Die Verwaltung informiert über gestiegene Baukosten
Nach Abstimmung des Raumprogramms mit dem Flecken Delligsen ist durch den Projektsteuerer eine Aktualisierung des Kosten- und Terminrahmens erfolgt. Im Jahr 2019 wurde mit Kosten in Höhe von rund 13 Millionen Euro gerechnet, aufgrund der aktuellen Entwicklung auf dem Baumarkt wird zurzeit mit 21,5 Millionen Euro kalkuliert und mit 25 Millionen Euro, wenn man auf eine moderne Heiztechnologie setzten möchte. Von diesem Betrag würde der Landkreis 19 Millionen Euro und der Flecken Delligsen müsse sechs Millionen Euro tragen. „Da wir den Neubau über Kredite finanzieren müssten, würden wir bei der aktuellen Zinslage vermutlich sogar bei rund 33 Millionen Euro landen“, erklärt Kreisbaurat Ralf Buberti. Diese drastische Steigerung der Kosten veranlasste die Verwaltung, die Vorlage in den Schulausschuss einzubringen und schlug unter Berücksichtigung der gesetzlich vorgeschriebenen Wirtschaftlichkeitsberechnung fünf mögliche Varianten vor: Eine Sanierung der vorhandenen Schule, einen Neubau der Oberschule, einen Neubau der Oberschule zusammen mit der Grundschule, die Sanierung und einen Anbau am zweiten Schulstandort in Duingen und der Neubau einer OBS oder IGS im Nordkreis für die Schüler:innen aus Bodenwerder, Eschershausen, Stadtoldendorf und Delligsen. Die beiden letzten Möglichkeiten wurden von der Verwaltung favorisiert.
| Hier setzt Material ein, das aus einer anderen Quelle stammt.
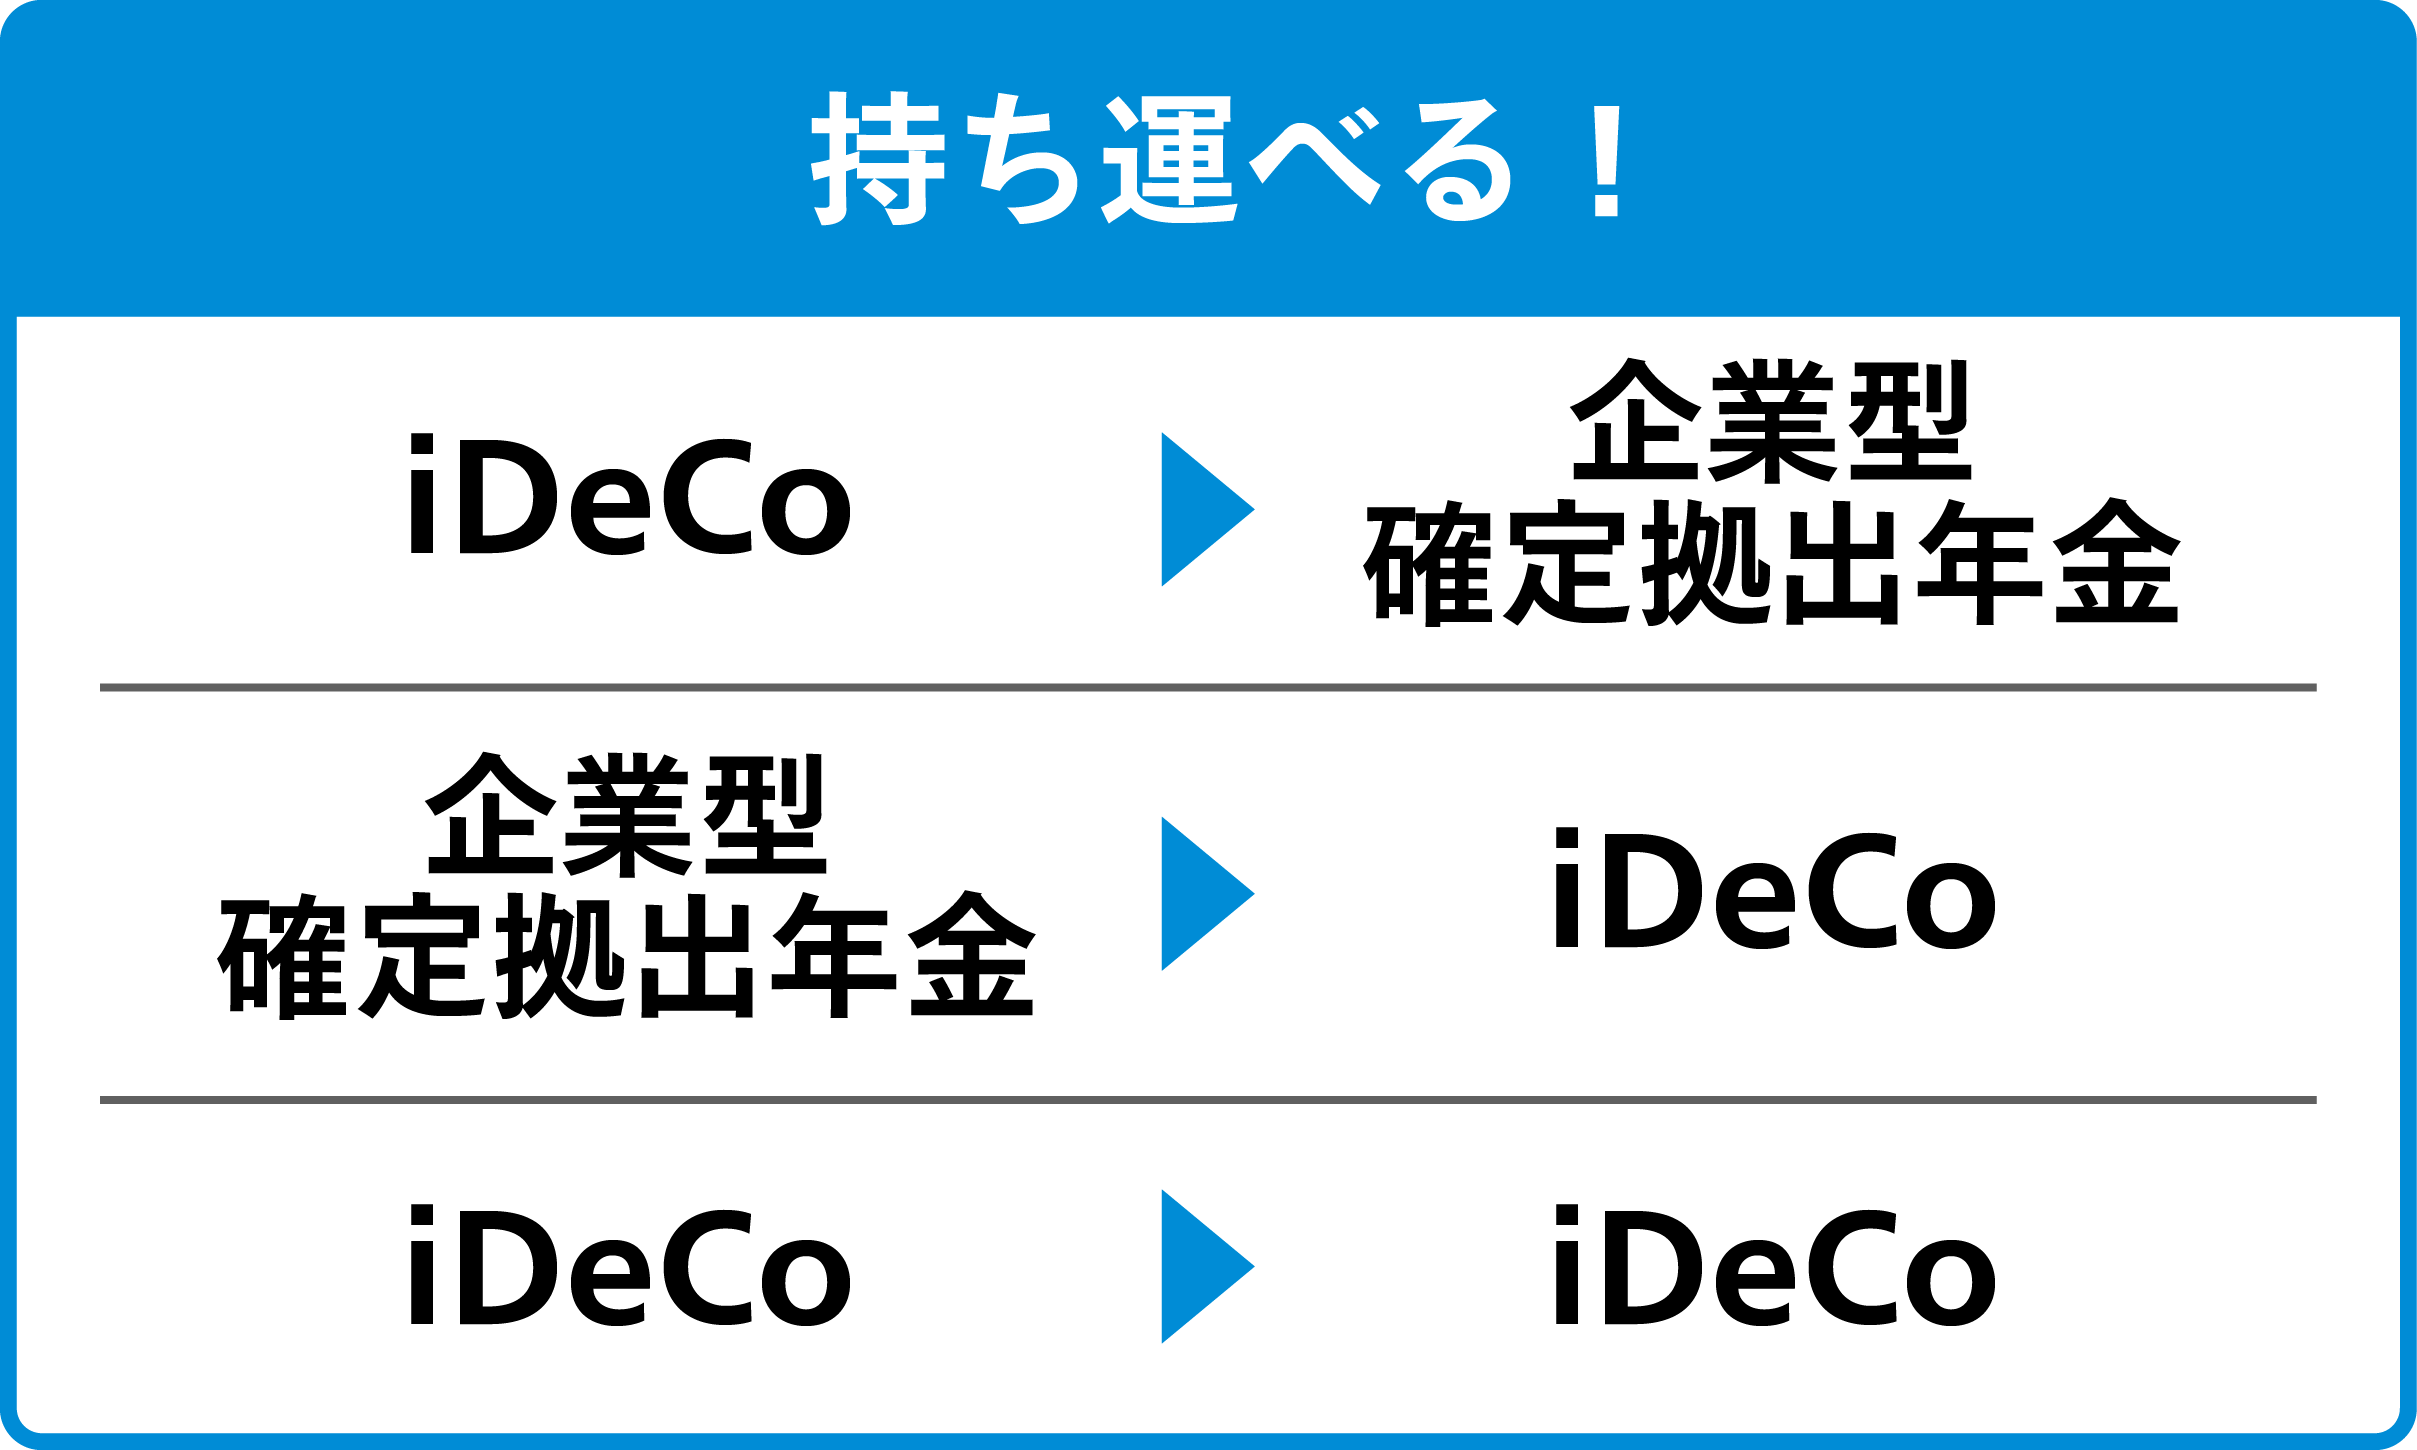 持ち運べる！iDeCo→企業型確定拠出年金、企業型確定拠出年金→iDeCo、iDeCo→iDeCo

Einwohnerfragestunde verwandelt sich in eine emotionale und hitzige Debatte
Diese Vorlage verursachte eine hitzige und vor allem emotionale Diskussion sowohl zwischen den Besuchern des Ausschusses, als auch der Verwaltung und den Ausschussmitgliedern. Die Einwohnerfragestunde nutzte zuerst Stephan Willudda, Bürgermeister des Flecken Delligsen für einige Fragen. Er kritisierte zunächst das Handeln und die Kommunikation mit dem Landkreis. „Der Flecken Delligsen hat eine Resolution formuliert, die ich Ihnen hier gerne überreichen möchte“, so Willudda. Die Resolution umfasst verschiedene Punkte und fordert ganz klar die Umsetzung des Kreistagsbeschlusses zur Schulentwicklung, in dem Delligsen einen Neubau erhalten soll. Eine besonders emotionale Debatte führten Delligsens Schulleiter Dr. Thorsten Steuer und andere OBS Retter. „Warum wird hier künstlich eine Schule kaputt gemacht?“, fragt Steuer. Darauf antwortete Landrat Michael Schünemann: „Es hat nichts damit zu tun, dass wir Delligsen nicht bauen wollen. Das ist absolut nicht so, doch als Landrat muss ich mich um den ganzen Landkreis kümmern und wir müssen beispielsweise auch noch eine neue Förderschule bauen. Hier geht es auch um Gleichberechtigung. Schon alleine das NKomVG zwingt mich dazu, diesen Weg zu gehen.“ Doch letztendlich entscheide die Politik und die Verwaltung arbeite die Aufgaben ab. „Ich möchte hier nicht stehen lassen, dass wir gegen die Schulen arbeiten“, ergänzte Buberti.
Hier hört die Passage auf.